# Your goal:
What is needed here is an exact repetition of the records below, beginning at the line that has "ck calvin klein" and stopping after the line that has "Drinks_Station_Styling_Wedding_Event_Hire_Sydney.jpg".

++++ Supplied records ++++

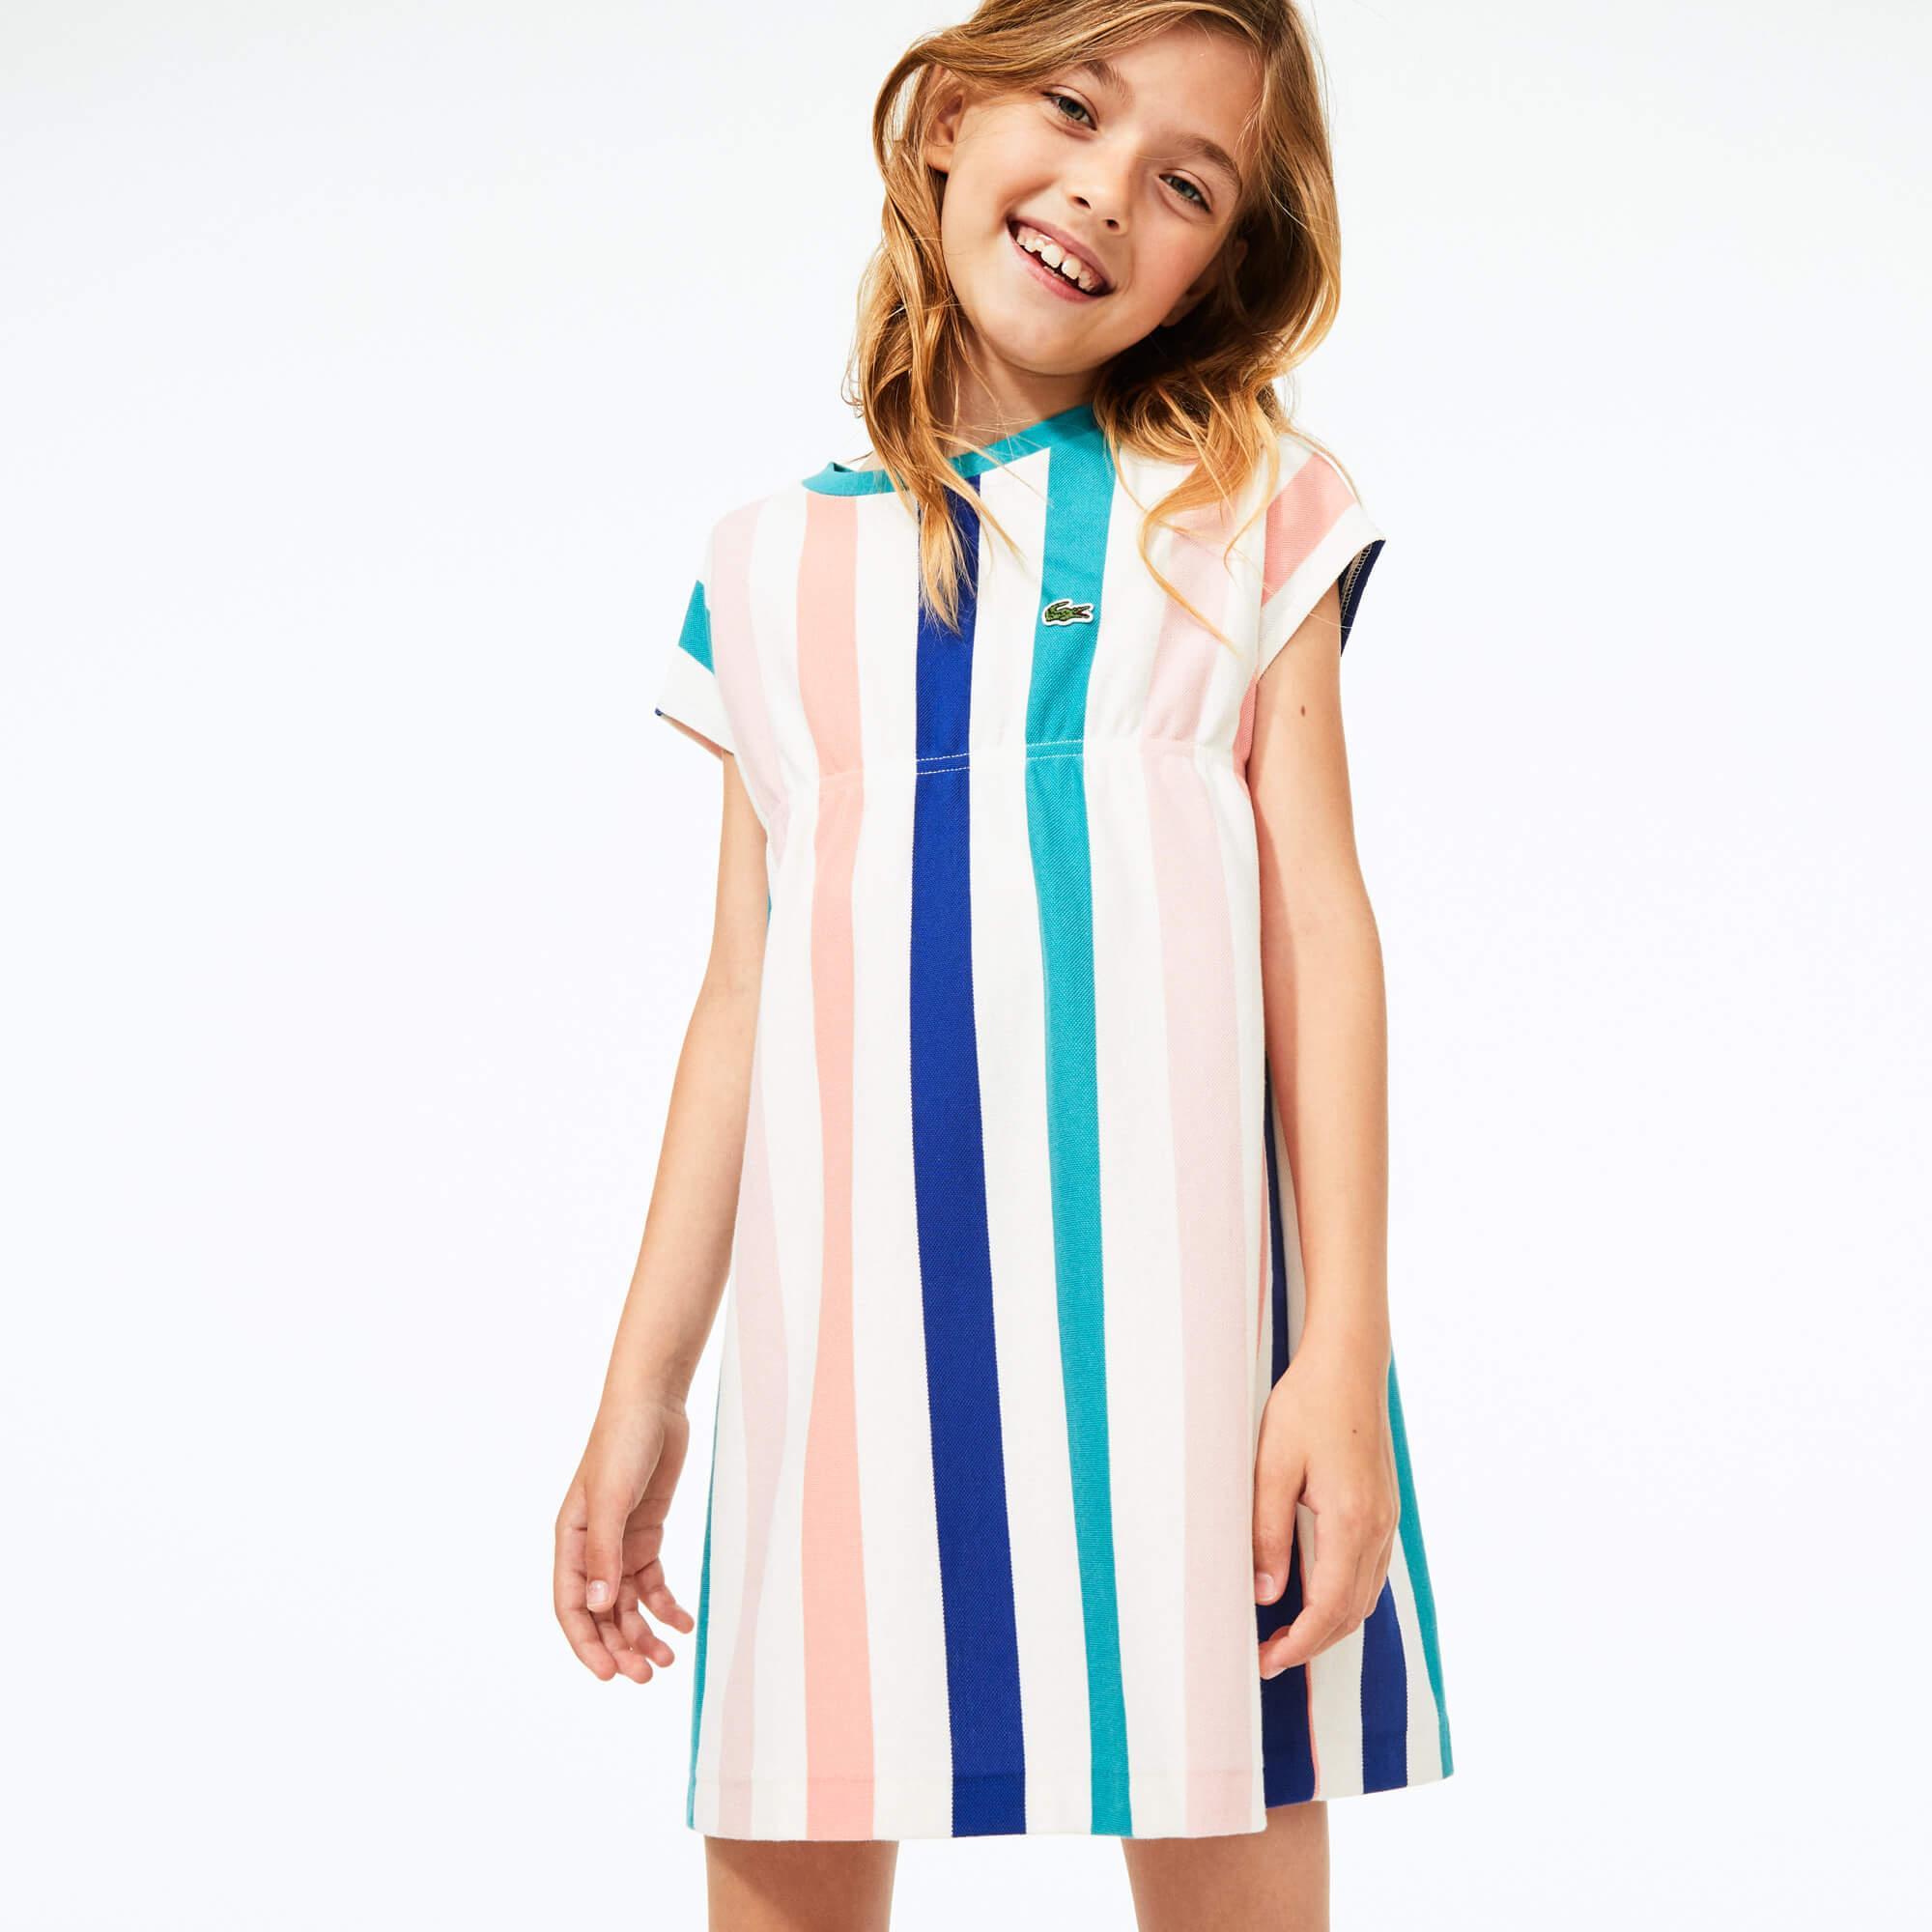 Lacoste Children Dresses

++++
++++ Supplied records ++++

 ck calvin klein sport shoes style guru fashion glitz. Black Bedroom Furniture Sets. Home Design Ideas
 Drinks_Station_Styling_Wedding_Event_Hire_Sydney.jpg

++++
++++ Supplied records ++++

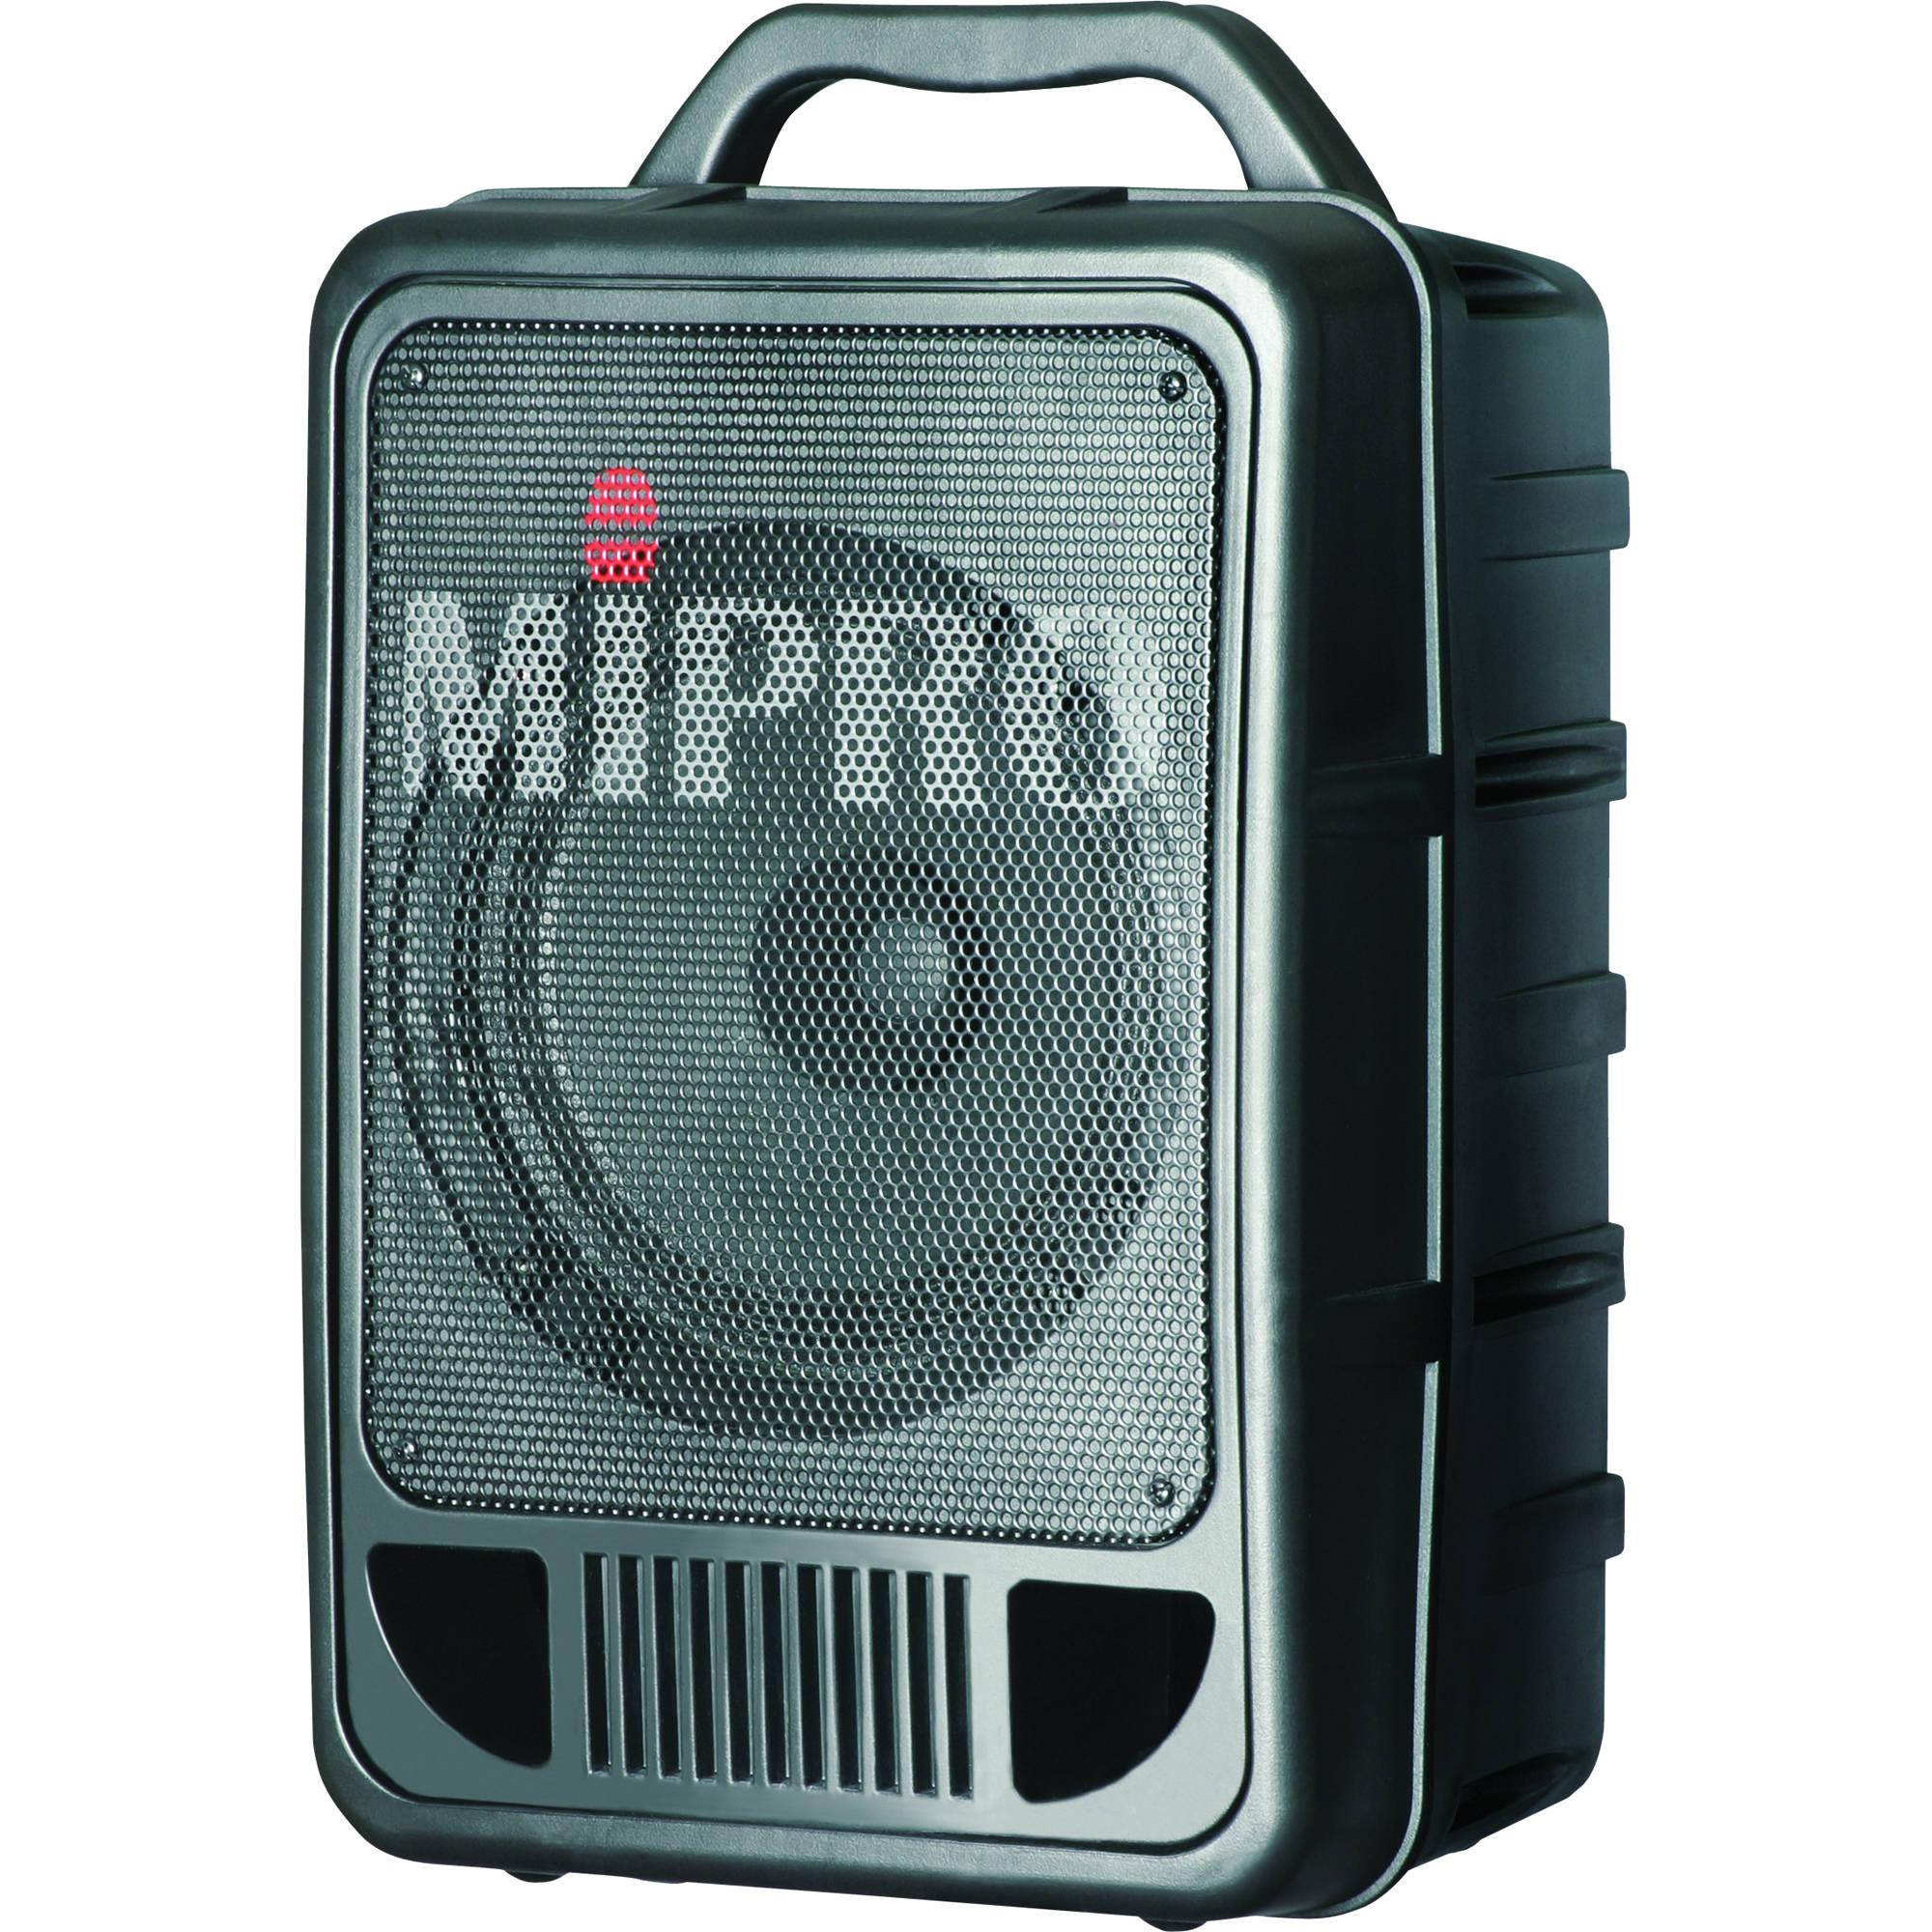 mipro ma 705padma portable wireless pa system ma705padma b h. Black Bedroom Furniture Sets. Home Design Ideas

++++

# Written response:
 ck calvin klein sport shoes style guru fashion glitz. Black Bedroom Furniture Sets. Home Design Ideas
 Drinks_Station_Styling_Wedding_Event_Hire_Sydney.jpg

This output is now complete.